Healing with Yessie

Emotional Validation

One of the biggest leaps forward on my healing journey happened when I learned to validate my own emotions. Emotional neglect has left me with these big emotions that I didn’t know how to regulate and didn’t think were valid in the first place.

I started this process working on self-love, and finding ways to meet my own needs. This involved changing my internal dialogue, spending more time being present with myself, doing things I simply enjoy, and learning to disengage with others when they impact me negatively. This takes practice. I’m still learning to love myself, and that’s okay.

In February of 2021, I attended the True Love Summit. We were given a 5 step Self-Love Formula. Anytime I felt triggered, I would go through these steps.

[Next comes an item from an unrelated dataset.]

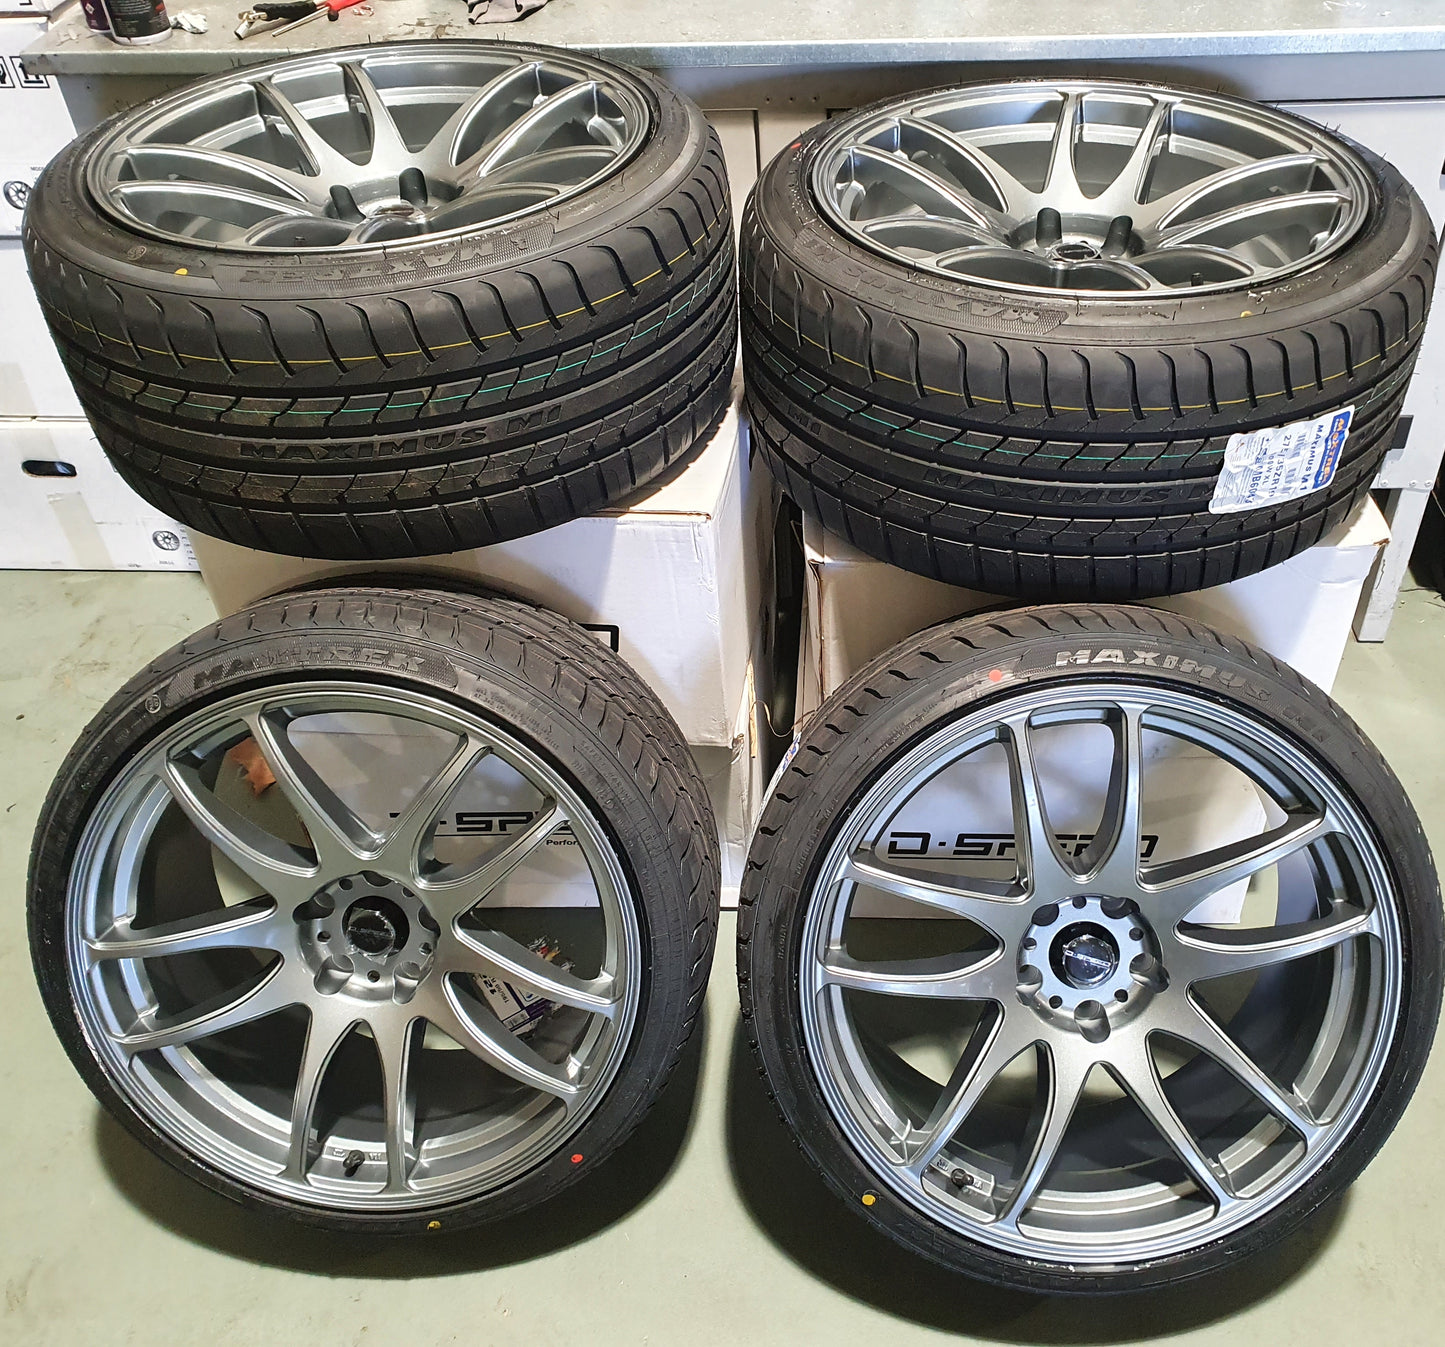 D-Speed DS-02 19x9.5 5x114.3 Wheel & Tyre Packages

  1. Self-compassion: Am I being compassionate to myself right now? If you’re anything like me, the answer will be no. You’ll have to snap yourself out of your negative internal dialogue and remember to treat yourself as you would treat a close friend.
  2. Self-worth: Remind yourself you are worthy, just by existing. You don’t need to do or be anything to be worthy. When your self-worth is tied up in what you do for others or your success in life, it’s easy to beat yourself up for not doing or being enough. You will become more confident the more you act from a place of believing you’re worthy, even if you don’t believe it yet.
  3. Self-validation: This is all about giving yourself credit, in the moment, for progress you’re making. When you notice yourself reacting differently than you would have in the past, this is when the breakthrough happens. The first time I stopped myself from immediately reacting to a trigger and was able to validate myself for that, I knew I was on the right track.
  4. Self-Care: This is all about noticing uncomfortable feelings, and meeting your own needs in a loving way. After being triggered, maybe you need time alone, to move your body, or to turn off your phone. Maybe you need to set a boundary with someone. It’s important to check in with this step, because your needs will change depending on the situation.
  5. Self-Gratitude: This step is all about recognizing all the amazing parts of who you are in this moment. This step may be hard at first, but eventually, it will get easier and your list will get longer.

Anytime I felt myself getting triggered, I would open the Notes app on my phone and write out responses to these steps. Instead of reacting to negative emotions, this allowed me to become more self-aware, and respond with love for myself and others. If you’re on this journey and don’t have skills for managing triggers, try out these steps. Maybe they will help you as much as they helped me.